A presença de tantos acadêmicos brasileiros em Portugal muda o patamar de cooperação dos dois países, avalia o Itamaraty. Juntamente com o Ano do Brasil em Portugal, o Programa Ciência sem Fronteiras tem sido citado pela diplomacia brasileira como um dos principais alavancadores da aproximação entre os dois países. “Não é só a celebração [cultural] que nos aproxima, mas também a modernidade dos dois países”, comentou o chanceler brasileiro Antonio Patriota ao receber em setembro, em Brasília, o ministro dos Negócios Estrangeiros de Portugal, Paulo Portas.

Para o embaixador do Brasil em Portugal, Mario Vilalva, os dois países vivem “um momento mágico das relações bilaterais” e “há uma enorme convergência de interesses”, como na área de cooperação científica.

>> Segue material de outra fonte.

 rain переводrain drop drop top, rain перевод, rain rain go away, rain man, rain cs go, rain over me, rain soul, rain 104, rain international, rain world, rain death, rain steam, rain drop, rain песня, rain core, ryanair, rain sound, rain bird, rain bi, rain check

Segundo o edital da Capes e do CNPq, o Programa Ciência sem Fronteiras visa a “propiciar a formação de recursos humanos altamente qualificados nas melhores universidades e instituições de pesquisa estrangeiras”. O objetivo é promover a internacionalização da ciência e tecnologia nacional, estimulando estudos e pesquisas de brasileiros no exterior, com a expansão do intercâmbio de graduandos e graduados.